Lee Buchheit:
The man behind Greece's debt restructuring
By Daniel Bases
If any other European countries were to follow Greece into a debt default,
Athens can recommend a lawyer.
Lee Buchheit crafted the restructuring deal that cut Greek debt by 100
billion euros and inflicted huge losses on bondholders in March.
Over the last 30 years, presidents and finance ministers have turned to
Buchheit, 61, more than any other lawyer to help call off creditors when their
governments run out of money.
His clients love him because he can help wipe away billions of dollars of
debt. His legal opponents - bond investors, some of them so-called vulture funds
- hate him for the same reason.
In addition to Greece, the folders stacked on the walls, desks and window
sills of Buchheit's modest corner office in lower Manhattan speak of other tough
cases, such as those won for Iraq and Iceland.

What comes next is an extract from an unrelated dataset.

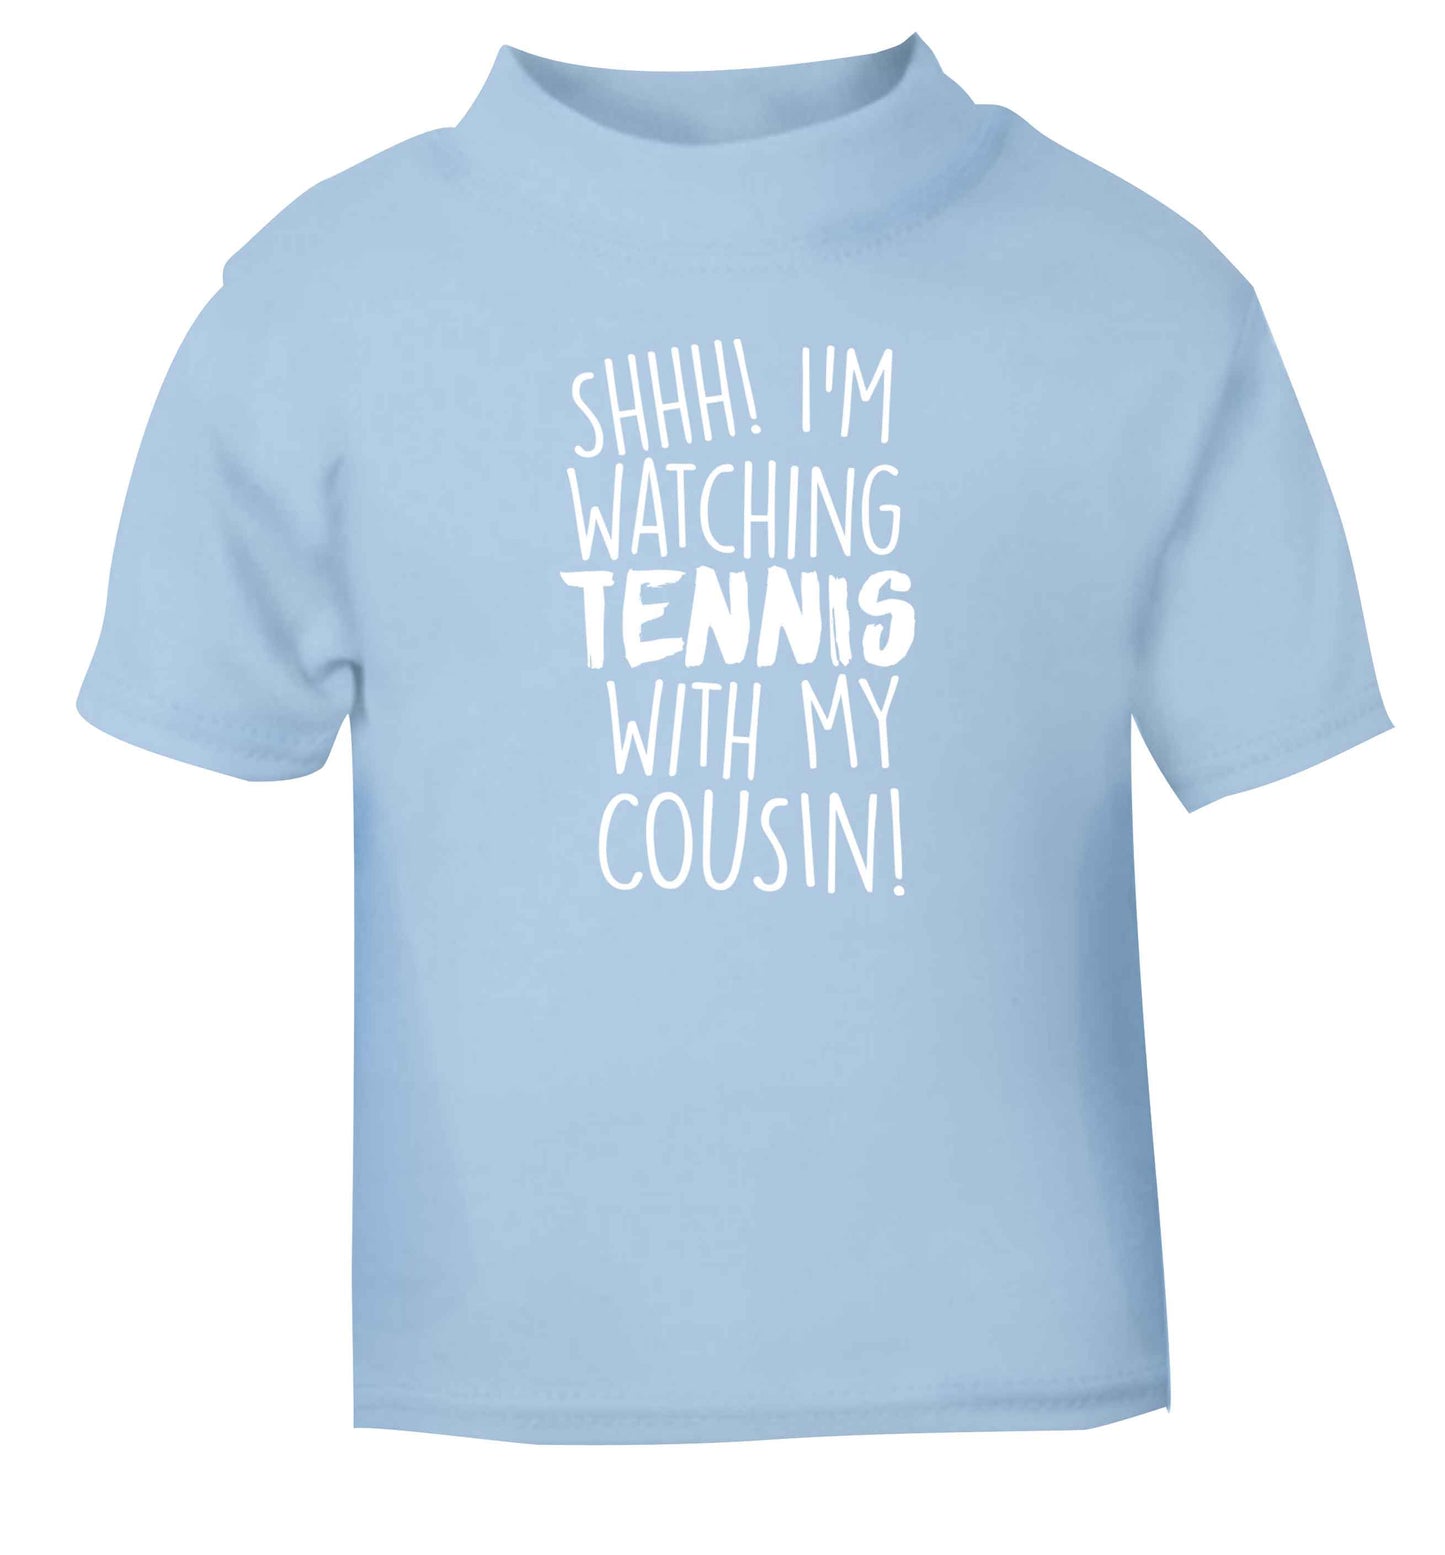 Shh! I'm watching tennis with my cousin! light blue Baby Toddler Tshirt 2 Years

Often, countries that turn to the dapper Buchheit have run short of money
because governments stick with bad decisions for a long time, with disastrous
results.
Buchheit wouldn't want to change sides.
"Representing the sovereign in these affairs is just more fun. It is a
mixture of politics, finance and law, and theater,» he said.

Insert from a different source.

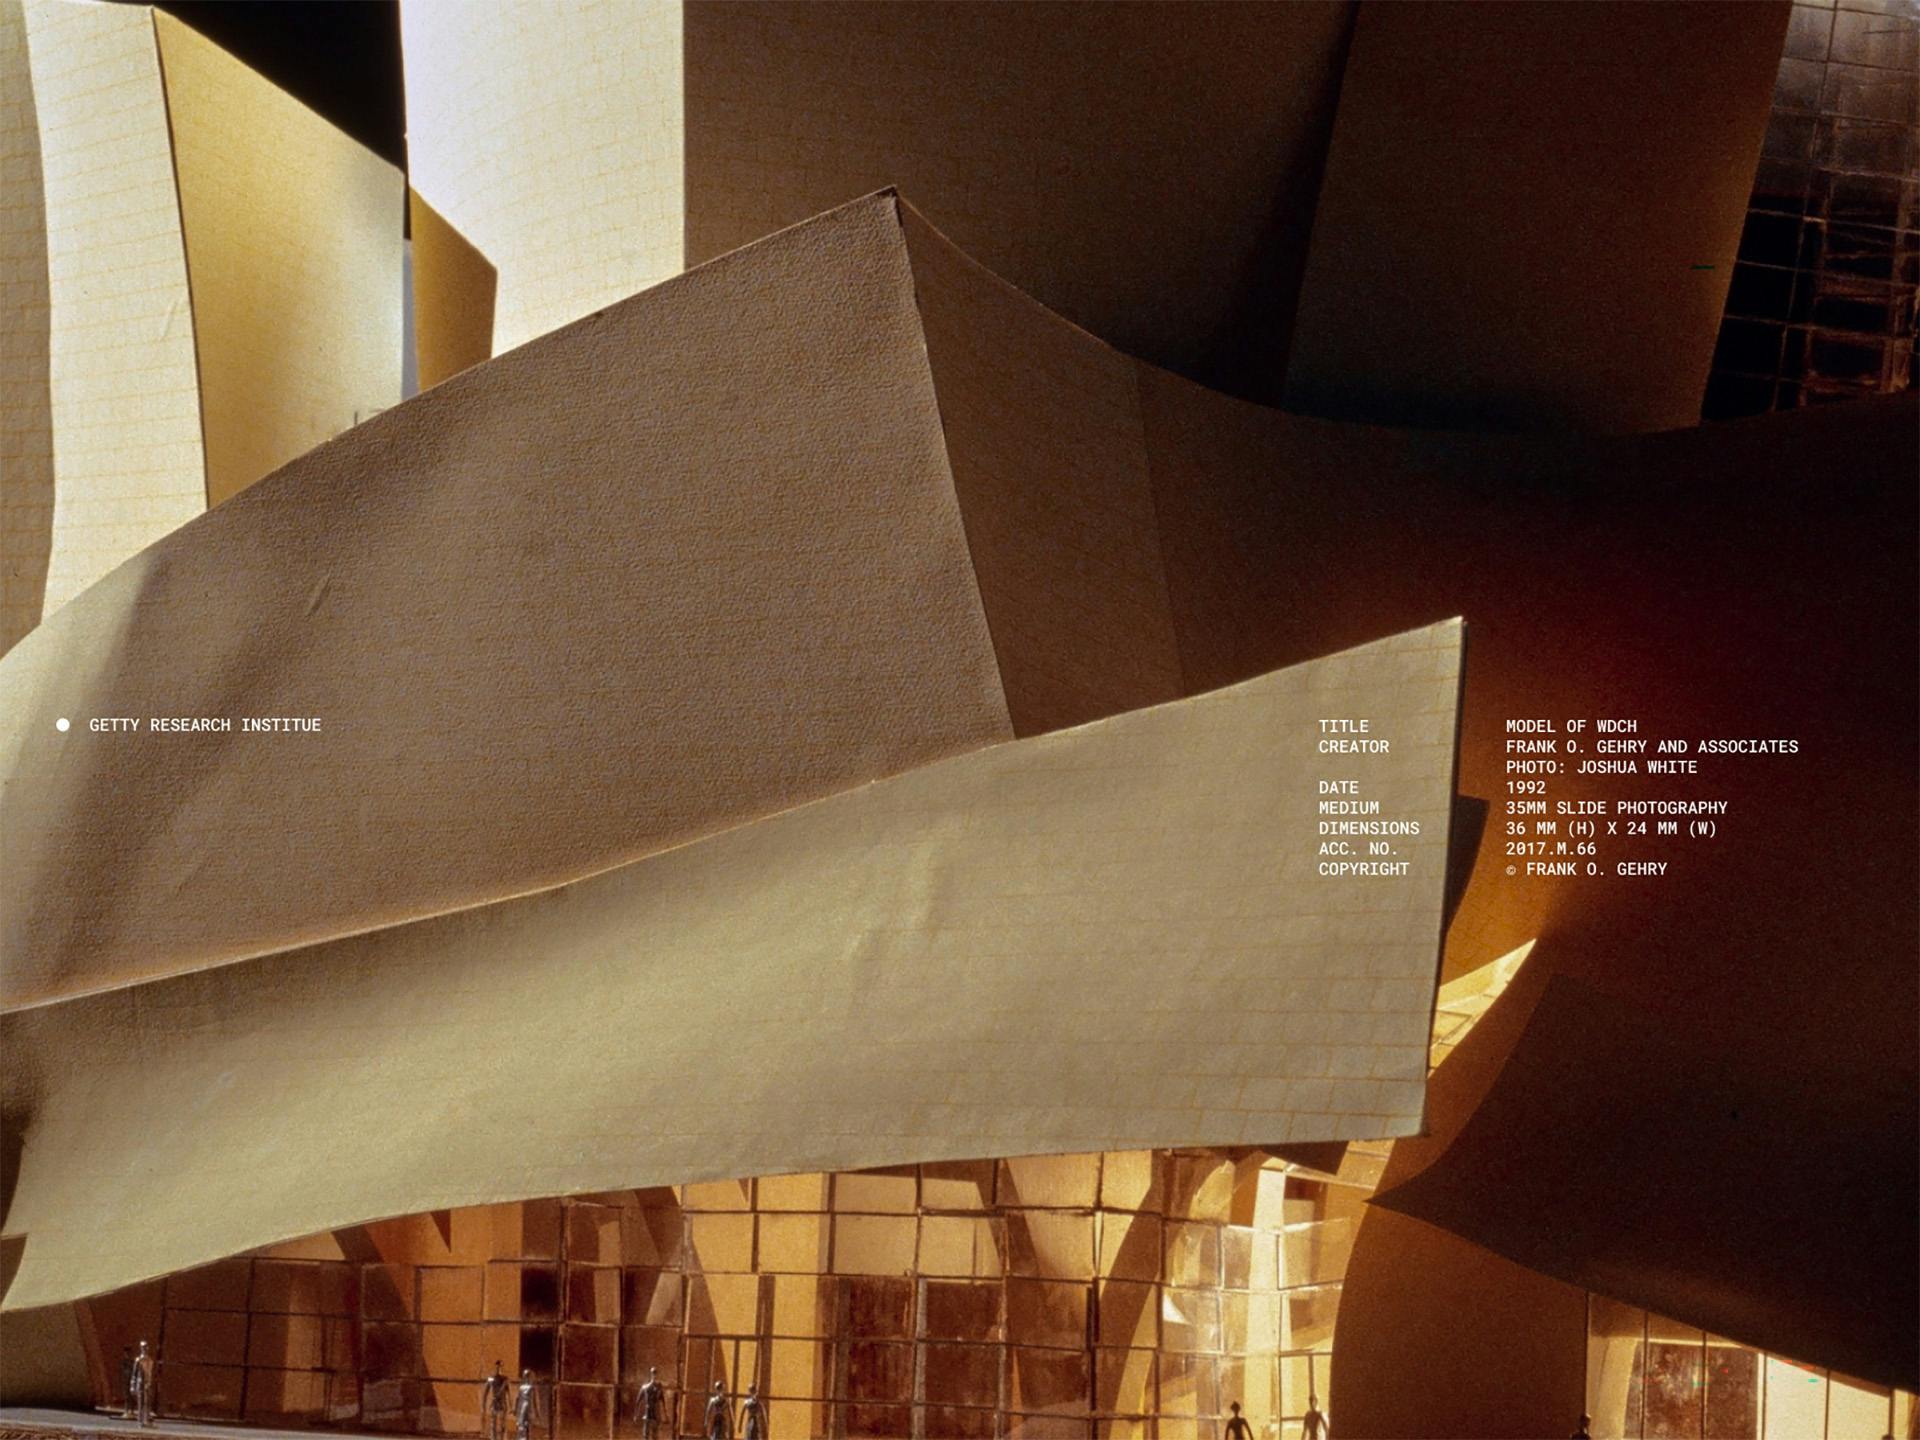 Gehry Archive Goes to Getty | 2017-05-01 | Architectural Record

Buchheit recalled an Asian finance minister - referring to her only as «The
Iron Lady» - resting a hand on his arm as tension mounted at 3 a.m. in a
marathon meeting and saying: «I know you'll get us through this."
"That is the kind of thing you eat up with a spoon,» he said.
The academic papers and books he's published and legal briefs he's filed over
the last three decades fill much of the void where no formal sovereign
bankruptcy law exists.
His opponents say he follows a «scorched earth» strategy, playing off the
position of strength of his government clients who do not have to answer to a
bankruptcy judge.
Buchheit, a senior partner, has helped make Cleary Gottlieb Steen &
Hamilton, a top-20 U.S. firm, the near de facto defender of governments in
financial disputes. Creditors say his legal tactics trample their rights.
If Greeks back parties that want to tear up the country's international
bailout agreement in a June 17 election - called after an inconclusive May 6
election - its euro zone membership will be difficult to maintain, and countries
such as Spain and Italy could also come under siege by markets.
The Pittsburgh-born Buchheit, who only recently returned to work after a
serious throat ailment, said he expects more European nations to go the way of
Greece but declined to comment further.
Investors are demanding higher returns from euro zone countries struggling
with heavy debt levels or slow growth, such as Portugal, Spain and Italy. The
risk of a second euro zone country being forced to impose a debt restructuring
on investors is not at a critical level.
In Greece, the biggest sovereign-debt restructuring ever, Buchheit saw a
legal loophole to use a tactic borrowed from 19th century British commercial law
- the collective action clause - that allowed the country's parliament to change
the rules governing its debt retroactively and impose a settlement.
The collective action clause allows a supermajority of bondholders voting in
favor of a restructuring to make it legally binding, even for those voting
against the measure.
Greece's political problems are still far from over.
Buchheit blames euro zone officials, particularly the former leadership of
the European Central Bank, for allowing the debt crisis to fester for two years
in the first place.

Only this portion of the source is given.